No Deference Warranted
- The Public Service Commission's interpretation of the statute requires no "deference" per se. However practical the Commission's construction of the statute may appear, the statute as a whole, or in particular, certainly has not been subjected to any meaningful long and continued contemporaneous interpretation. Thus, the Commission's interpretation of the statute has simply not stood unchallenged for a considerable length of time and, obviously, has not been relied on by any party having an interest in the interpretation of the law. Thus, consistent with our standard of review, we shall focus our discussion and analysis on whether the Commission's interpretation of the statute was correct as a matter of law. Mont. Power Co. v. Mont PSC, 2001 MT 102, ¶ 27, 305 Mont. 260, 26 P.3d 91.
- In reviewing conclusions of law under the Montana Administrative Procedures Act, we determine whether the agency's interpretation of the law is correct. The conservation district argues that its decisions are entitled to deference. However, while long-standing statutory interpretations by agencies are entitled to "respectful consideration," and we have acknowledged the value of the conservation district's expertise, no discretion is involved when a tribunal arrives at a conclusion of law—the tribunal either correctly or incorrectly applies the law. Bitterroot River Protective Ass'n v. Bietterroot Conservation Dist., 2008 MT 377, ¶ 18, 346 Mont. 507, 198 P.3d 219.
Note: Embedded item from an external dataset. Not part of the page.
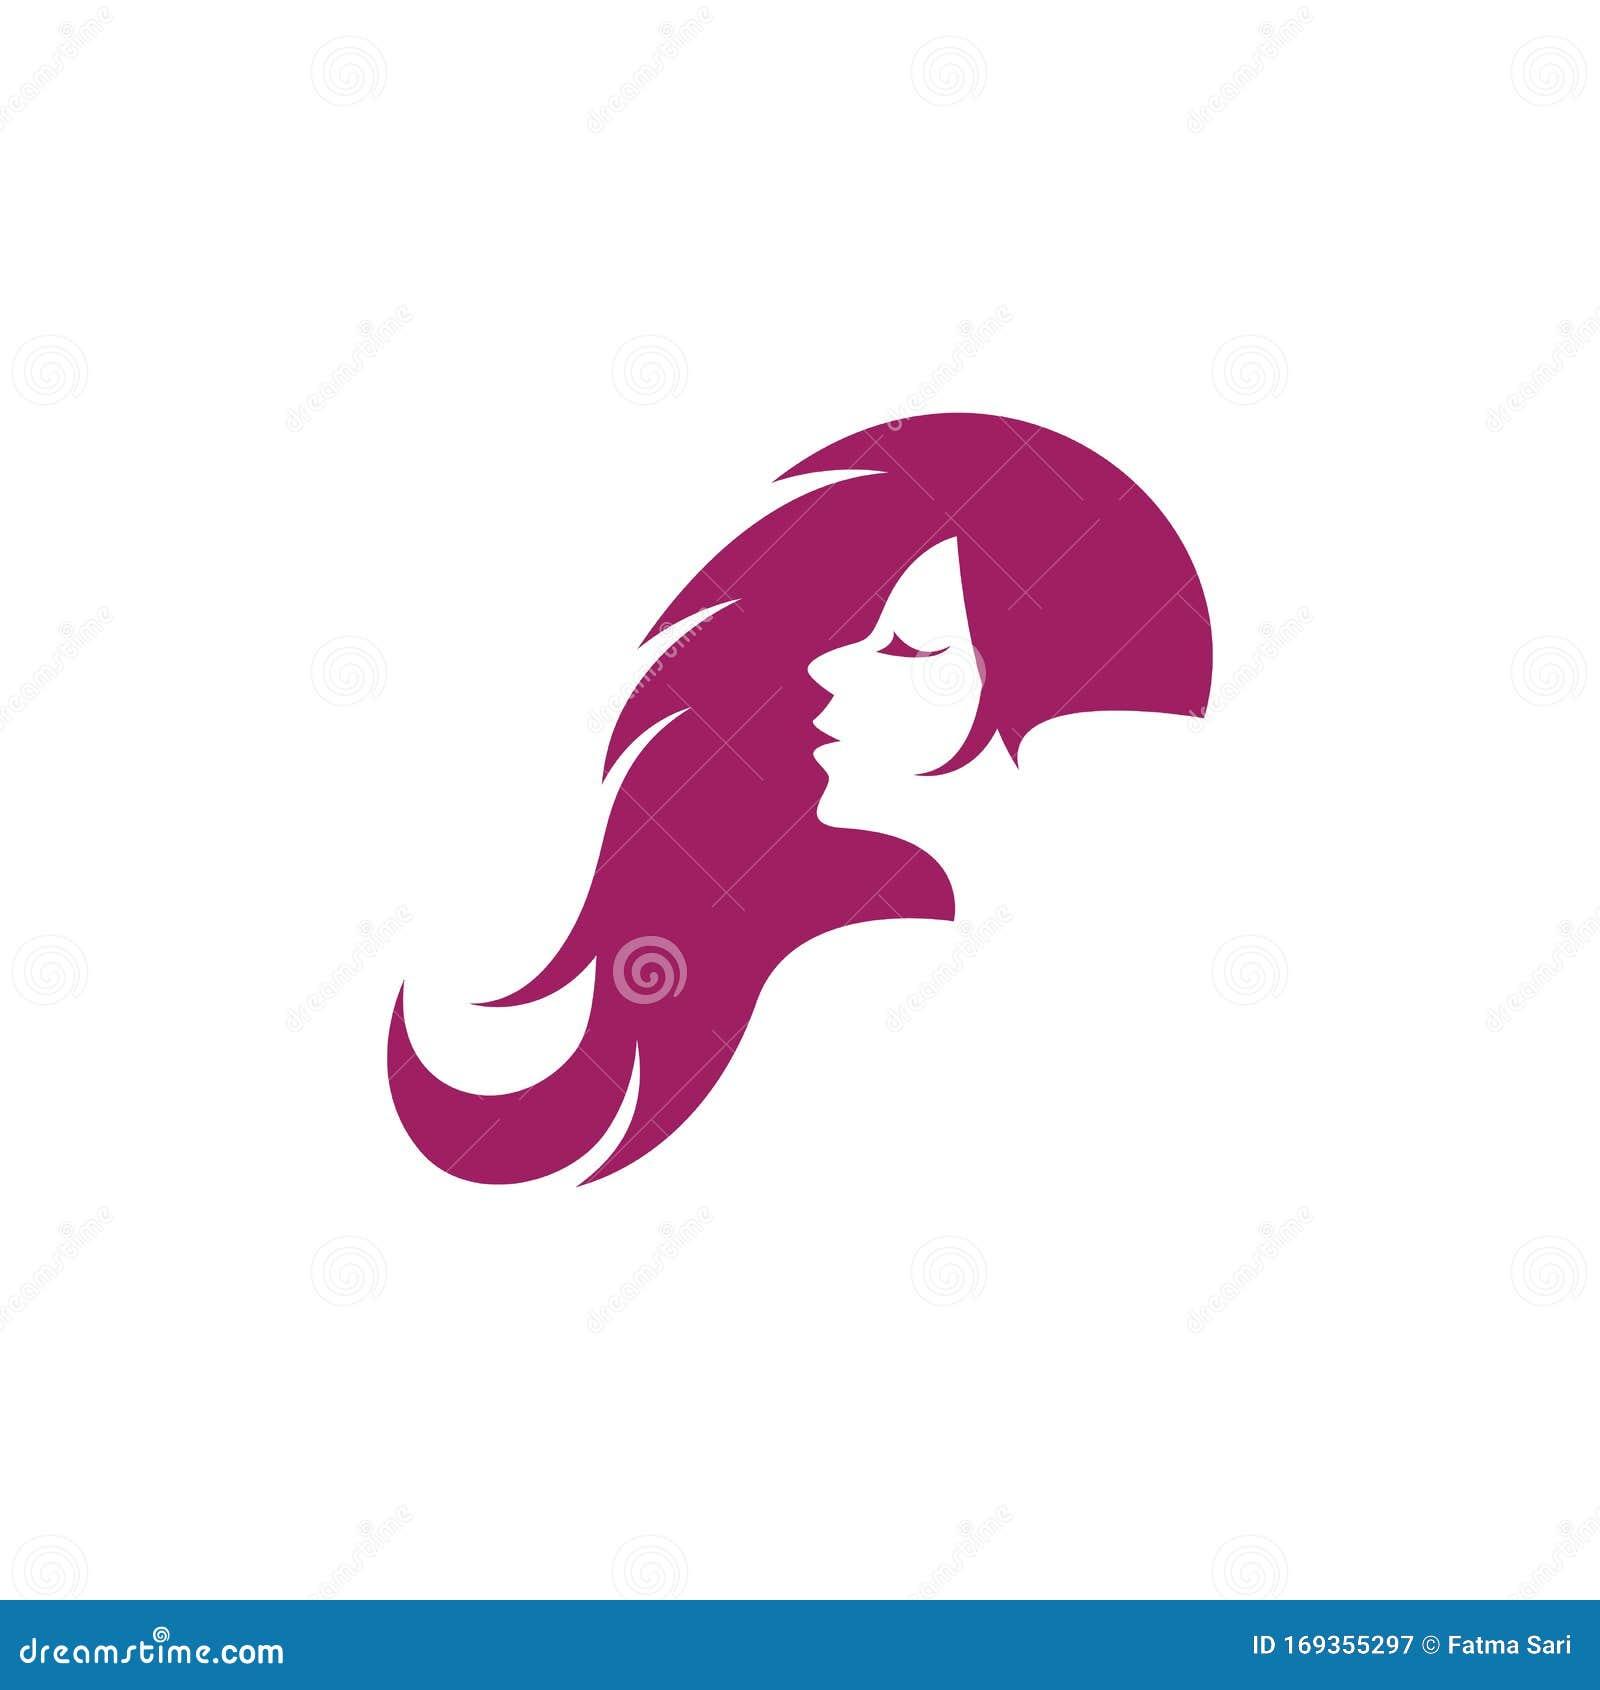 Black Hair Salon Logo Stock Illustrations 12 440 Black Hair Salon Logo Stock Illustrations Vectors Clipart Dreamstime

- This Court is not bound to an agency's definition of a statutory term. Mont. Dep't of Revenue v. Priceline.com, Inc., 2015 MT 241, ¶ 14, 380 Mont. 352, 354 P.3d 631 (citing Denke v. Shoemaker, 2008 MT 418, ¶ 39, 347 Mont. 322, 198 P.3d 284 (stating that Montana courts review an agency's interpretation of law for correctness)).
- Although we give deference to the interpretation given a statute by the officers or agency charged with its administration, this does not mean that courts must rubberstamp any interpretation the agencies may give a statute. Rules of statutory construction have no application if the language of the statute is clear and unambiguous. It has always been our rule that it is the province of the courts to construe and apply the law as they find it and to maintain its integrity as it has been written by a coordinate branch of the state government. When the terms of the statute are plain, unambiguous, direct and certain, it speaks for itself and there is no room for construction. Bay v. Dep't of Admin., Pub. Employee's Retirement Div., 212 Mont. 258, 265, 688 P.2d 1, 4 (1984).
- The construction of a statute by the person or agency responsible for its execution should be followed unless there are compelling indications that the construction is wrong. D'Ewart v. Neibauer, 228 Mont. 335, 340, 742 P.2d 1015, 1018 (1987).